Name of Relator: Unknown (Relator was permitted to proceed anonymously as a “Jane Doe” plaintiff.) SpecialtyRx (“Specialty”) is a long-term care pharmacy that provides pharmacy services to nursing homes and other long-term care facilities known as skilled nursing facilities (“SNFs”). In June 2011, Specialty acquired Advantage Pharmacy Solutions, LLC (“Advantage”), another pharmacy, focused on serving SNFs.

Relator's Relationship to Defendant: The Relator’s relationship to the defendant is not entirely clear from the Complaint. The Relator states that she “has significant experience in the pharmacy business” along with experience submitting claims to private insurers, Medicare and Medicaid. Additionally, she has worked “at several smaller pharmacies and as a pharmacist who served various nursing homes, assisted living facilities [and] group homes located in New Jersey.”

Relator's Counsel: Schnader Harrison Segal & Lewis LLP (formerly of Trujillo, Rodriguez & Richards, LLC); Berger & Montague

Summary of Case: The Relator alleges that Specialty engaged in an unlawful “swapping” scheme to induce SNFs to use Specialty as their exclusive pharmacy provider. Specialty allegedly offered SNFs deeply discounted rates for pharmaceuticals provided to their Medicare Part A patients. The Relator claimed that this discount yielded a profit to the SNFs because they are reimbursed by Medicare Part A at a fixed daily rate for medical care and pharmaceuticals provided to Part A patients. As a result of the discount, SNFs purportedly were incentivized to use Specialty as the exclusive provider of pharmacy services for all patients. Specialty recouped the losses caused by the Part A discounts, and earned a profit on non Part A business, by providing pharmaceuticals to Medicare Part D and privately insured residents of the same facilities at a more lucrative market rate. The Relator alleged that Specialty’s Part A discounts to the SNFs unlawfully induced SNF referrals of Medicare Part D and other patients in violation of the AKS. According to the Relator, this kickback scheme tainted all of Specialty’s claims to Medicare Part D and state Medicaid programs in violation of federal and state law.
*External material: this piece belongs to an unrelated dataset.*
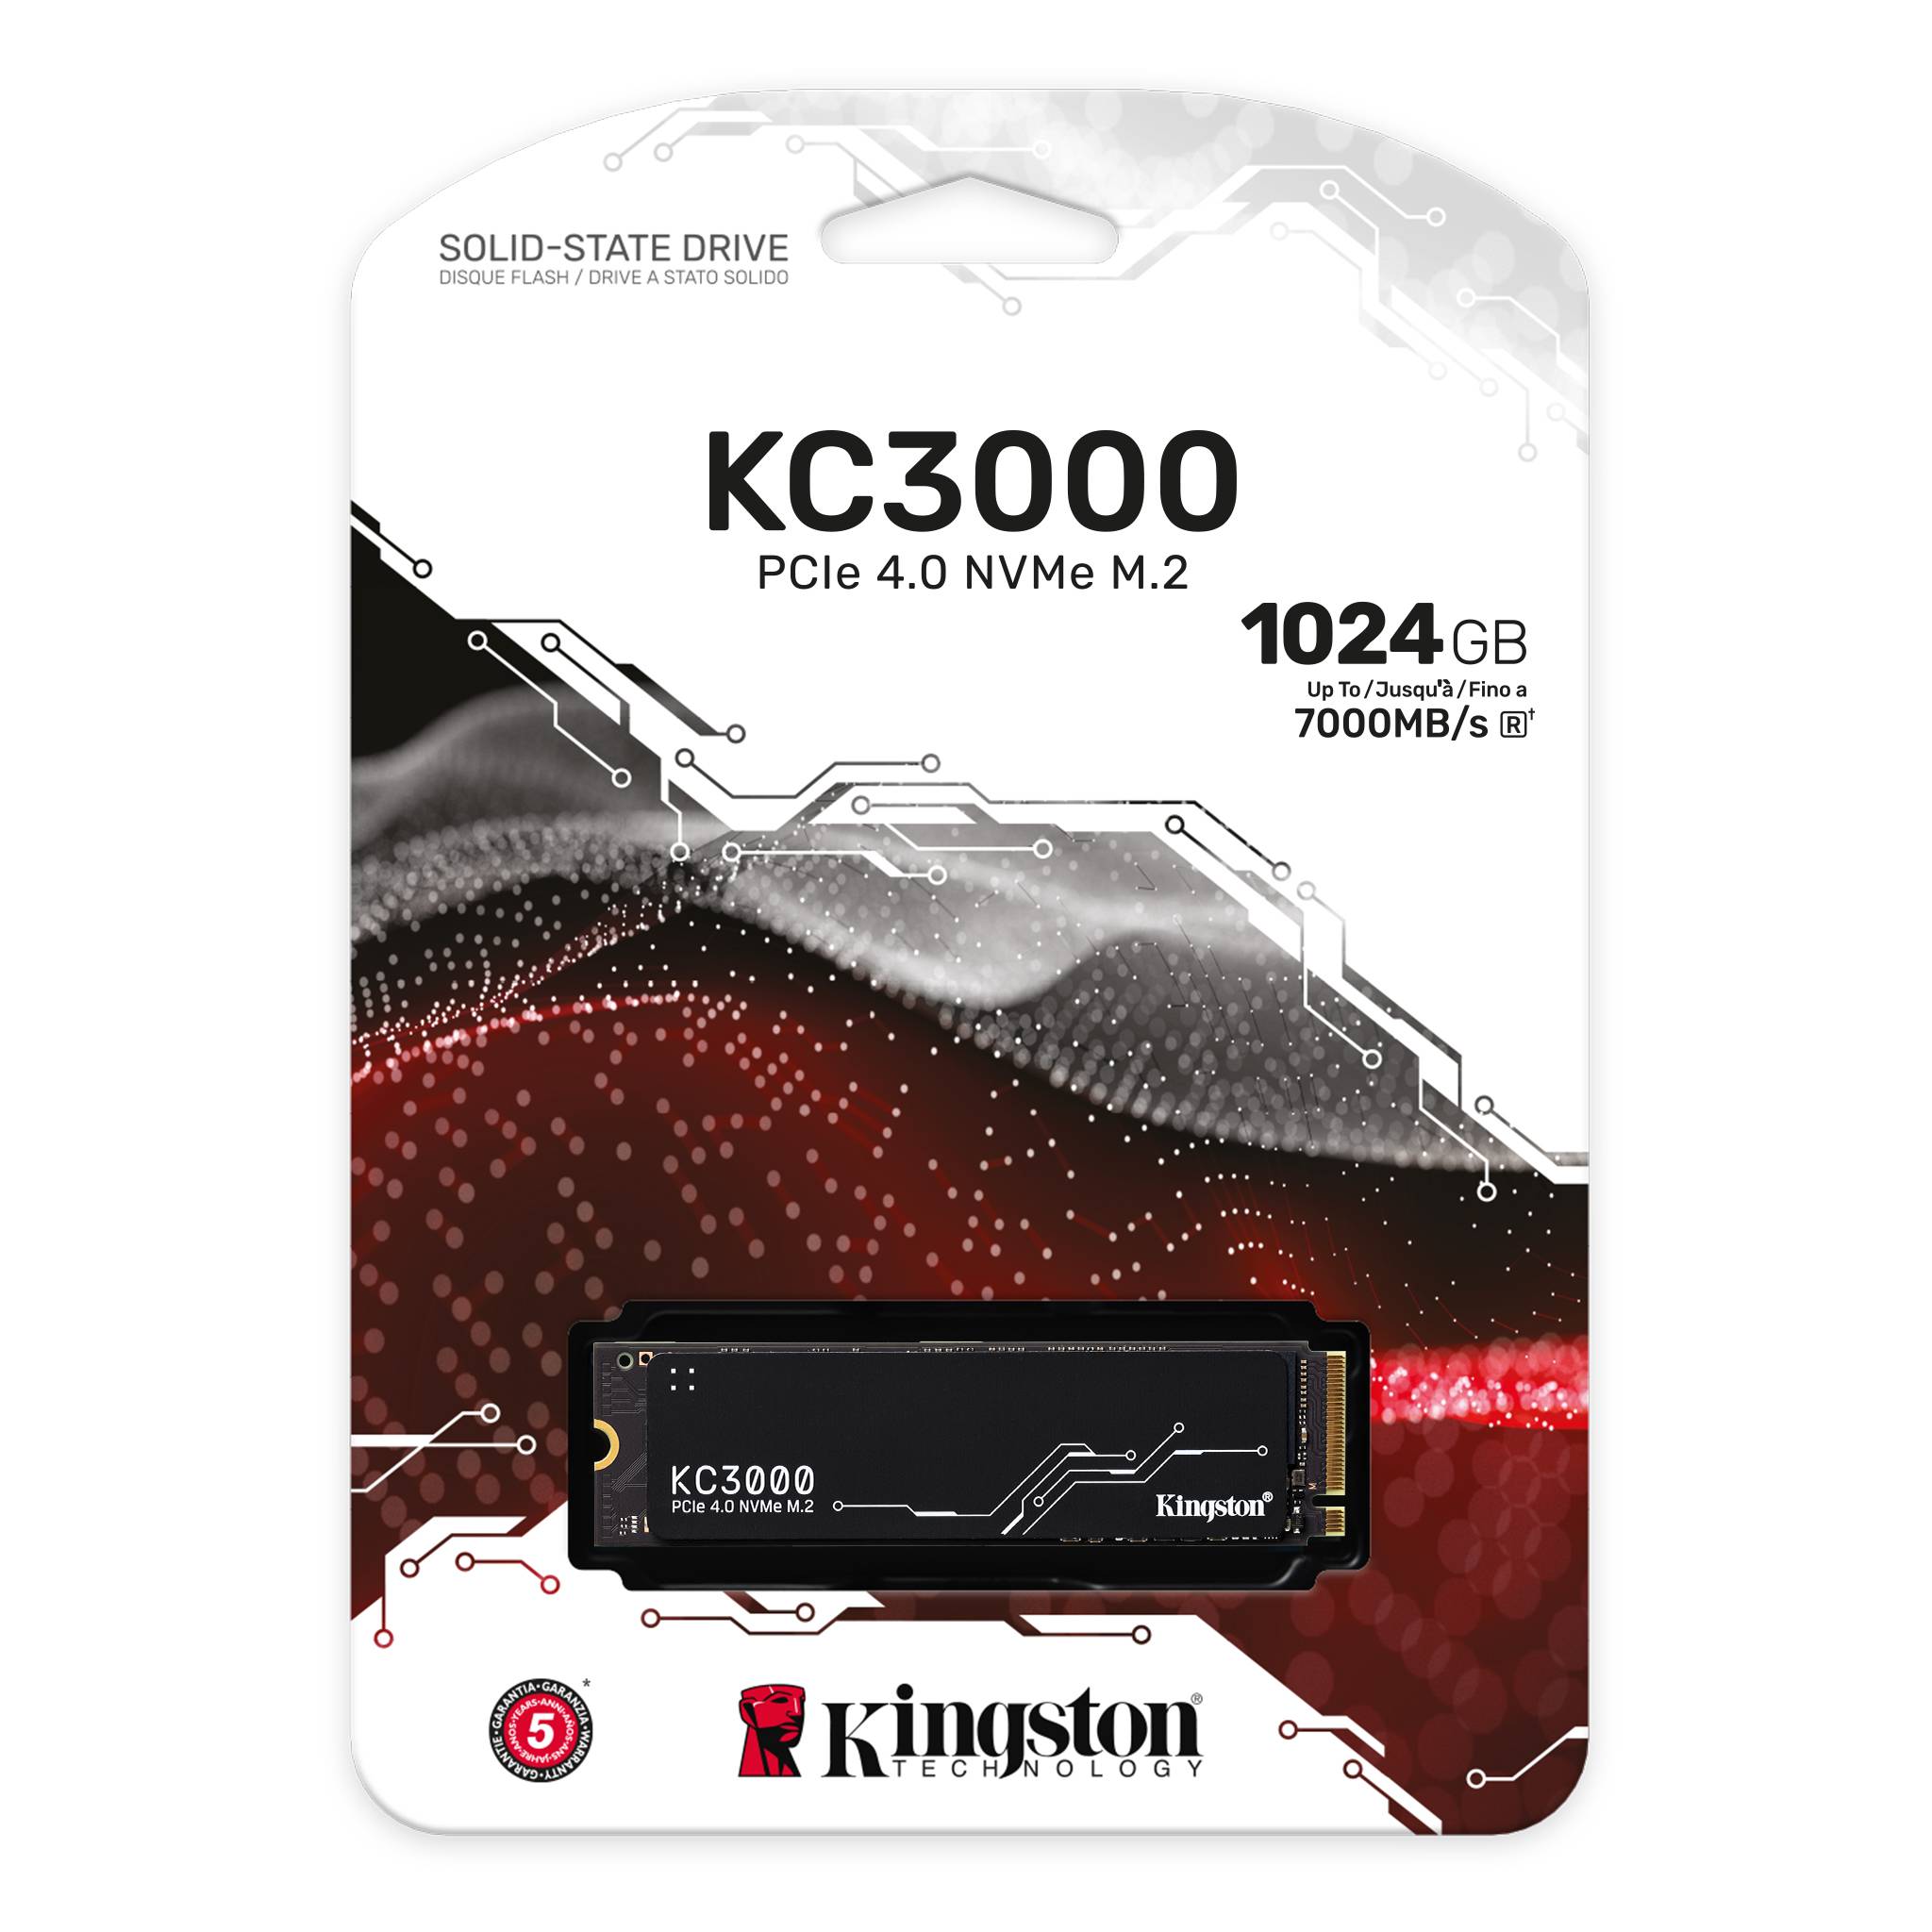 KC3000 PCIe 4.0 NVMe M.2 SSD Alto para computadoras de y portátiles Kingston Technology

The Relator charged that thirty-seven SNFs in New York and New Jersey accepted the discounts and provided the specific discounted rate for each. Additionally, the Relator appended to her complaint twenty-two pages of Specialty’s financial reports enumerating the specific discounted rates provided for various patients at various facilities. Notably, the Relator alleged that Advantage started this unlawful discounting practice in 2007 and asserted that Specialty was liable not only for its own violations after the 2011 acquisition of Advantage but also as a successor-in-interest for Advantage’s violations prior to the acquisition by Specialty.

Current Status: After New Jersey and New York declined to intervene in this case, the Relator filed notice of a Voluntary Dismissal based on a settlement agreement reached with the defendant. The terms of the settlement are not currently available.

Reasons to Watch: This case is notable, in part, for the allegations of successor liability against Specialty resulting from the alleged conduct of Advantage prior to its 2011 acquisition by Specialty. These allegations provide a reminder to health care companies of the importance of due diligence regarding compliance with the FCA and AKS during merger and acquisition negotiations. 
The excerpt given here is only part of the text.